4.3. Antibacterial Activity Assays

The inhibitory effects of HN-2 n-butanol extract on the strain PXO99A, along with its derived mutants and complementary strains (∆phaC, ∆phaZ, ∆phaC/∆phaZ, C: ∆phaC, C:phaZ), were assessed by the paper disk method [53,54]. The extract was dissolved in ddH2O to a final concentration of 10 μg mL−1 and subsequently filtered through a 0.22 µm syringe filter. A total of 10 μL of extract solution (10 μg mL−1) was applied to filter paper disks (6 mm in diameter, one per plate), which were then placed on the PSA medium plates pre-inoculated with the Xoo strains. A total of 100 μL bacterial suspension per plate, with an optical density at 600 nm, was 1.0 (OD600 = 1.0). Bacitracin was used as a control, and the experimental procedure was consistent with the treatment described above.
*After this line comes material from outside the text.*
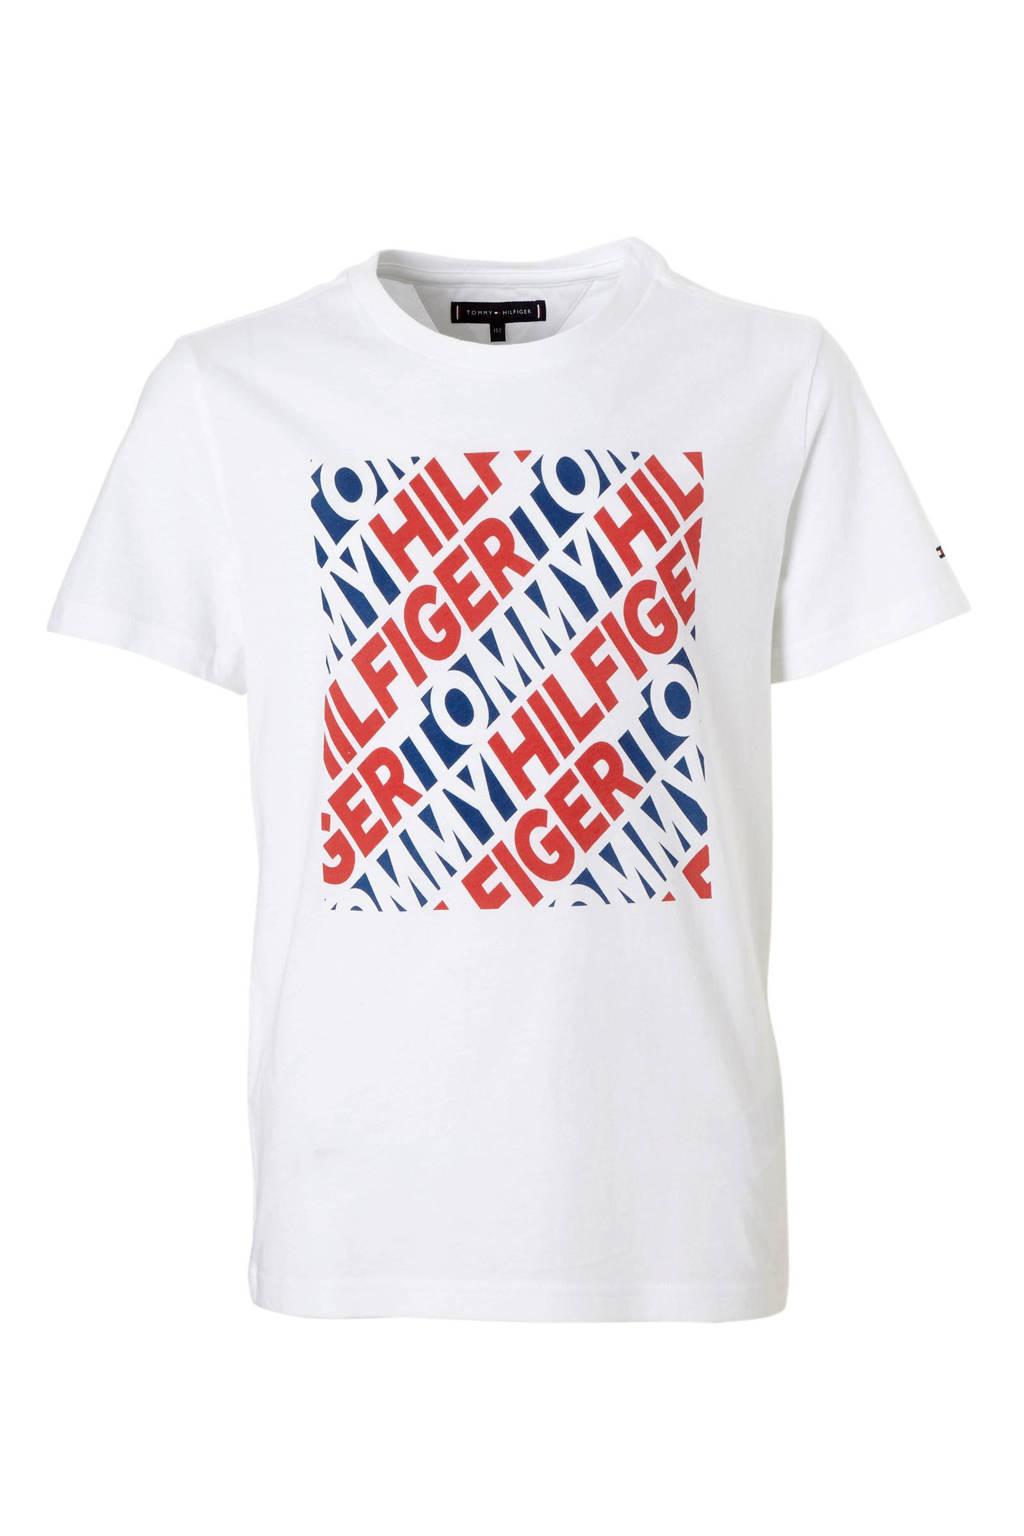 Tommy Hilfiger T-shirt met print wit, Wit

The plates were incubated at 28 °C for 48 h, after which the diameter of the inhibition zones was measured.

4.4. Determination of 50% Minimum Inhibitory Concentration (MIC50)
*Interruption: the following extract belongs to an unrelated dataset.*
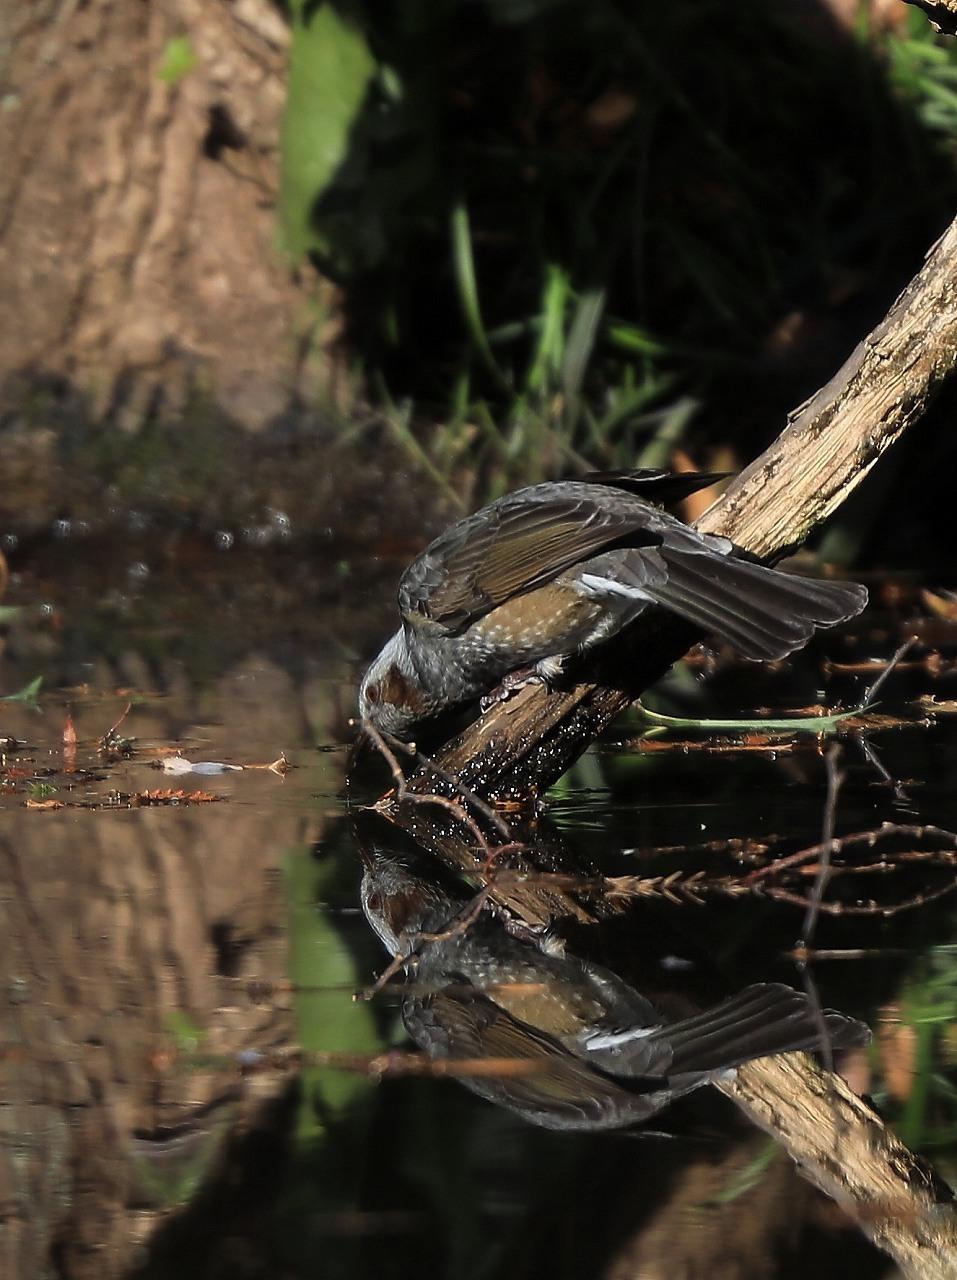 H野鳥の森にて_f0296999_15030957.jpg

The determination of the MIC50 against Xoo has been previously described in our earlier report [32]. Briefly, the HN-2 n-butanol extract and bacitracin were prepared at a concentration of 10 μg mL−1. The extract was then evenly mixed into PSA medium plates to achieve final concentrations of 2 μg mL−1, 4 μg mL−1, 6 μg mL−1, 8 μg mL−1, 10 μg mL−1. Similarly, bacitracin was mixed into PSA medium plates to obtain final concentrations of 5 μg mL−1, 10 μg mL−1, 15 μg mL−1, 20 μg mL−1, 25 μg mL−1. The bacterial suspensions (including Xoo wild-type PXO99A and its derived mutant strains ∆phaC, ∆phaZ, ∆phaC/∆phaZ) were adjusted to an optical density of OD600 = 0.1 and then serially diluted 50,000-fold using liquid PSA medium. A 100 μL aliquot of each bacterial suspension was evenly spread onto the PSA medium plates containing different concentrations of HN-2 n-butanol extract or bacitracin using a sterile cotton swab. Each bacterial strain was inoculated on separate plates. The plates were incubated at 28 °C for 72 h. Following incubation, the number of colonies was counted. The colony counts from PSA medium plates without the addition of HN-2 n-butanol extract or bacitracin served as controls.
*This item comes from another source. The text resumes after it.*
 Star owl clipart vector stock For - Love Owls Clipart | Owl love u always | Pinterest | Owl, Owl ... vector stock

4.5. Effects of HN-2 n-Butanol Extract on the Growth Curve of Xoo

The growth curve of Xoo strains was assayed to evaluate the effects of HN-2 n-butanol extract on Xoo growth [55]. The Xoo wild-type strain PXO99A, along with its derived mutant and complementary strains (∆phaC, ∆phaZ, ∆phaC/∆phaZ, C:phaC, C:phaZ), was cultured in PSA liquid medium to the logarithmic growth phase, approximately 24 h at 28 °C and 180 rpm. The bacterial cultures were then adjusted to an optical density of OD600 = 0.1, ensuring that the volume of each culture medium was consistent across samples. Subsequently, a specific volume of the HN-2 n-butanol extract (10 μg mL−1) or bacitracin solution (10 μg mL−1) was added to achieve a final concentration corresponding to 1 × MIC50 Control cultures, which received neither the extract nor bacitracin, were also set. All bacterial cultures were then incubated for 36 h at 28 °C and 180 rpm. The growth of each culture, indicated by the OD600 values, was measured every 2 h, and the value was recorded.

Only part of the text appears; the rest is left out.